The museum’s latest exhibition will go on display from the 26th September until the 23rd February 2025.

The British Museum is set to explore and challenge the modern concept of the ‘Silk Road’ as a simple history of trade between ‘East’ and ‘West’, when fact, rather than a single trade route, the Silk Roads were made up of overlapping networks linking
communities across Asia, Africa and Europe, from Japan to Britain, Scandinavia to Madagascar.
This major new display will look at the journeys of people, objects and ideas along the Silk Roads shaped cultures and histories. In addition, it will focus on on a
defining period in their history, from about AD 500–1000, which saw significant leaps in
connectivity and the rise of universal religions that linked communities across continents.
Silk Roads will be structured into five geographical zones that take visitors on their own Silk Roads journey, the exhibition showcases more than 300 objects from Indian garnets found in Suffolk to Iranian glass unearthed in Japan.
Many of the items will be on display in the UK for the very first time, including the oldest group of chess pieces ever found and a monumental six-metre-long wall painting from the ‘Hall of the Ambassadors’ in Afrasiab (Samarkand), Uzbekistan. The painting evokes the cosmopolitanism of the Sogdians from Central Asia who were great traders during this period.
Visitors will also meet figures whose stories are entwined with the Silk Roads, including Willibald, an ingenious balsam smuggler from England, and a legendary Chinese princess who shared the secrets of silk farming with her new kingdom. Covering deserts, mountains, rivers and seas, the Silk Roads tell a story of connection between cultures and continents, centuries before the development of the globalised world we know today.

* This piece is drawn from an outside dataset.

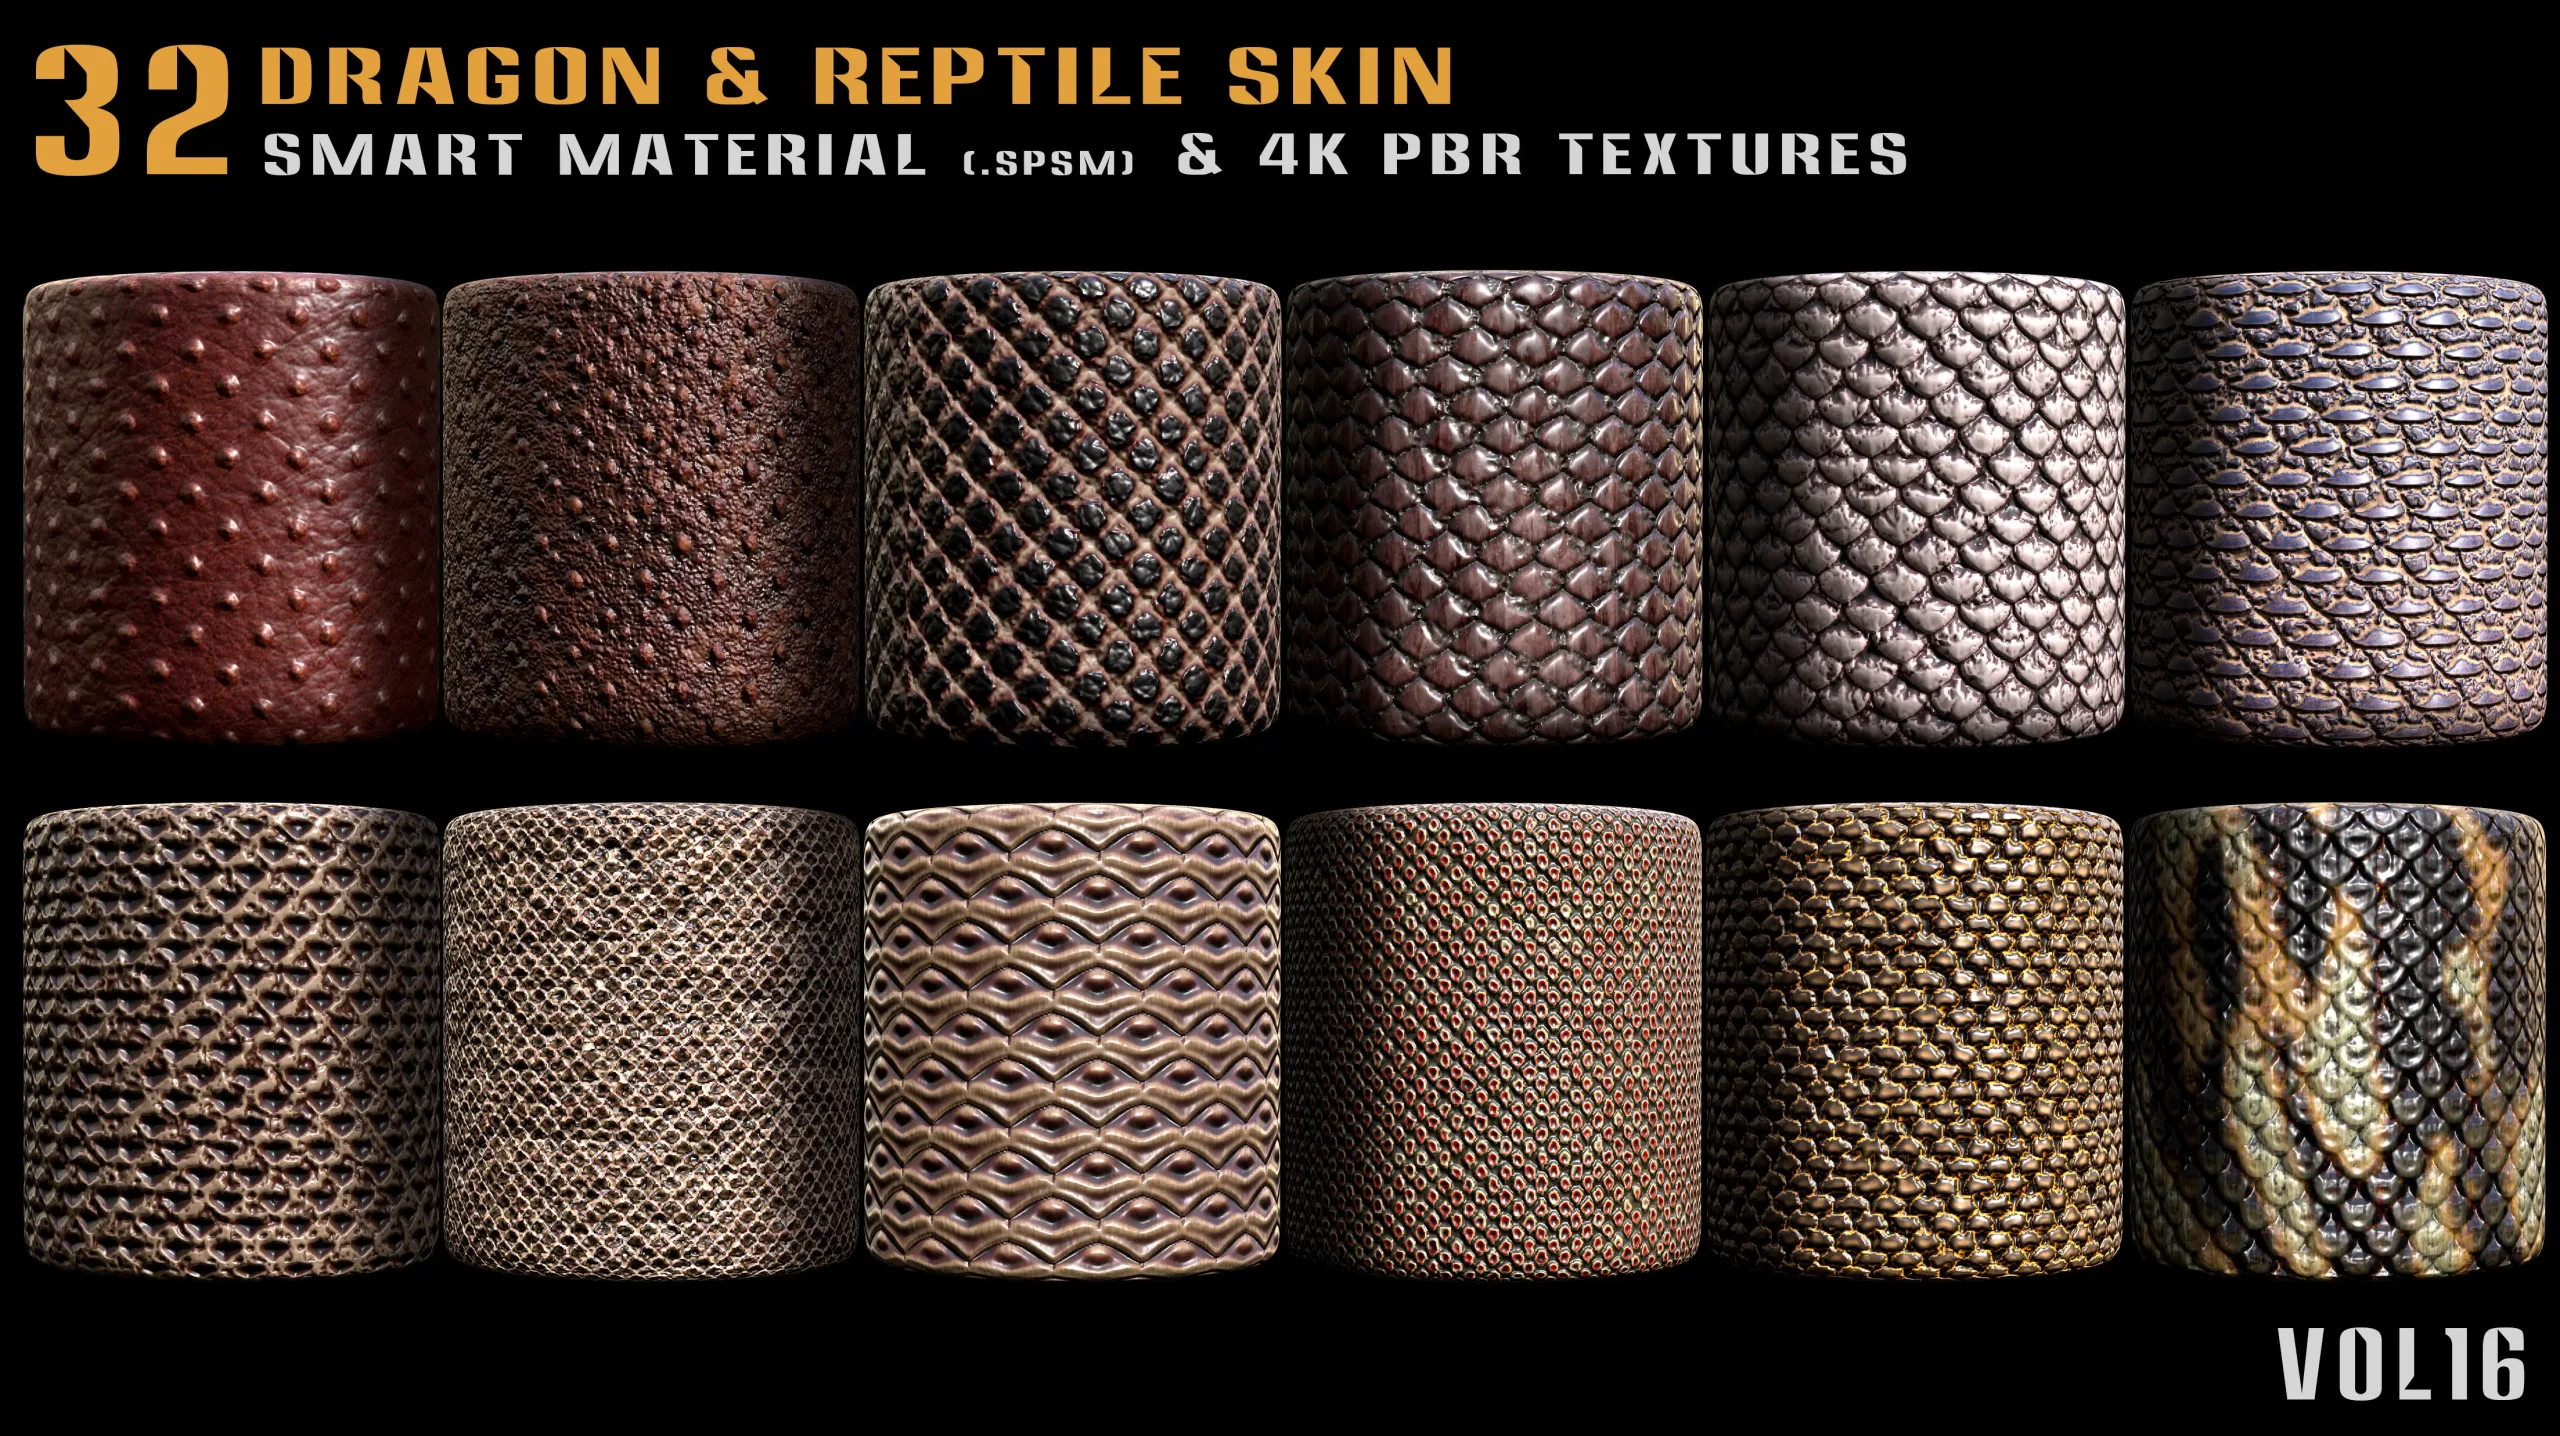 32 Dragon & Reptile Skin Smart Material + 4K PBR textures - Vol.16

Talking about the exhibition, Nicholas Cullinan, Director of the British Museum, comments: “The British Museum is worldrenowned for its gripping, award-winning exhibitions which I’ve always admired. Silk Roads will be the first to open since I became Director, and I was particularly impressed by the way that it challenges existing perspectives while also involving deep collaboration – with departments across the Museum working together to bring it to its ambitious, compelling fruition.”